To this aim, a Promise represents the result of a task that may or may not have completed, and which could eventually turn out into an error. Any asynchronous operation thus can immediately return a Promise on the result of its execution; the Promise can be accessed at any time, possibly blocking the caller if the async operation has not been completed yet.

Usually, though, a Promise is associated two callbacks that are to be called when the asynchronous task has been completed or has failed. What is peculiar of Promises is that callbacks are themselves encapsulated in a Promise, since they will be only executed at some point in the future, or not at all, depending on what happens with the original Promise.

Thanks to this mechanism, handling a sequence of asynchronous operations becomes straightforward, since Promises can be chained together to represent asynchronous operations and their callbacks, as shown in the picture above (source: Promises, Luke Smith.)

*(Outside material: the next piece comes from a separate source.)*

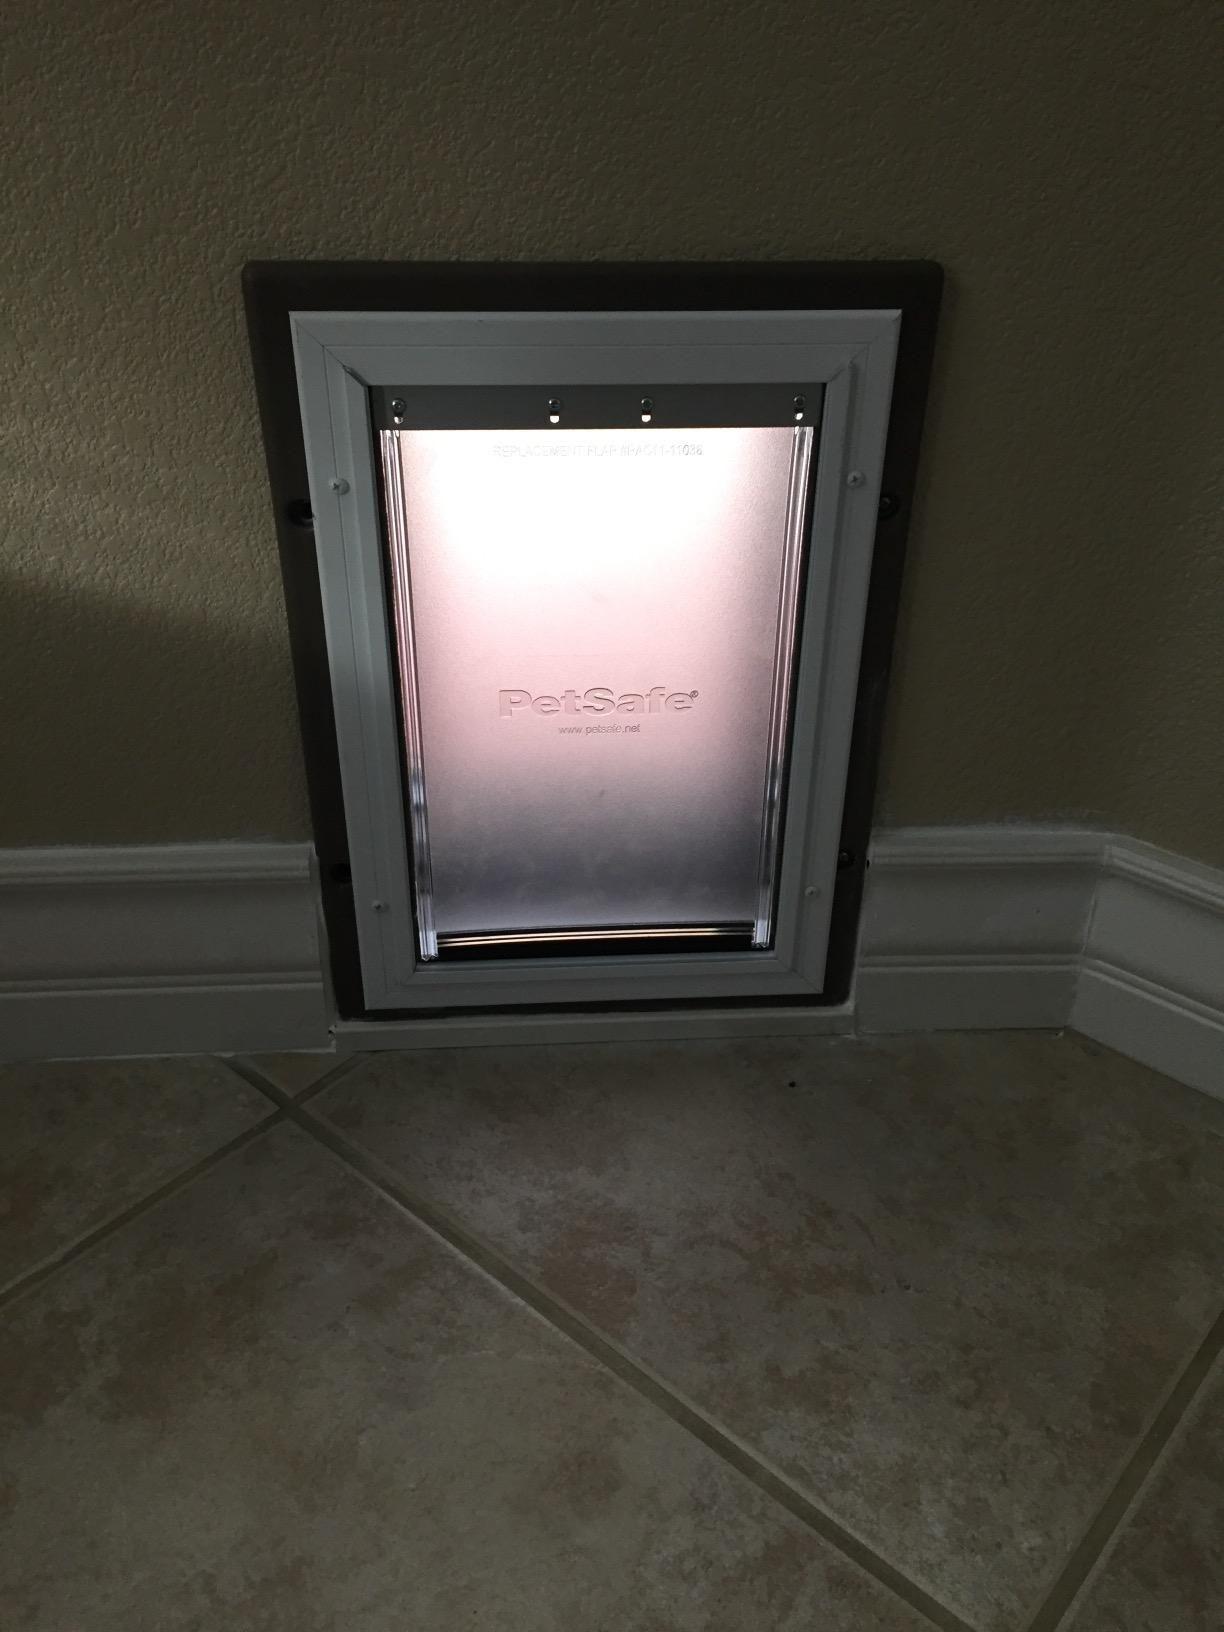 The Petsafe Wall Entry Pet Door Allows You To Install Your New Pet Door Into An Interior Or Exterior Wall Instead Of A Dog Door Automatic Dog Door Royal Doors

Another advantage of Promises lies with the way error propagates through a chain of Promises: since a Promise knows whether it has been fulfilled or not, it can propagate an error condition down along the Promises chain until an error handler is found, so you do not need to provide an error handler for each asynchronous operation in the chain.

Promises implementations are available in JavaScript, Scala, Clojure, and many other languages.

Parse claims that Tasks offers several advantages over both Android AsyncTask and iOS NSOperation, among them:

  • Performing several tasks in a row will not create nested "pyramid" code as you would get when using only callbacks.
  • Tasks are fully composable, allowing you to perform branching, parallelism, and complex error handling.
  • You can arrange task-based code in the order that it executes, rather than having to split your logic across scattered callback functions.

Bolts components are completely unrelated to Parse or Facebook services and do not require having a Parse or Facebook developer account to be used.

More Bolts components are announced, but Parse has not released any details yet about them.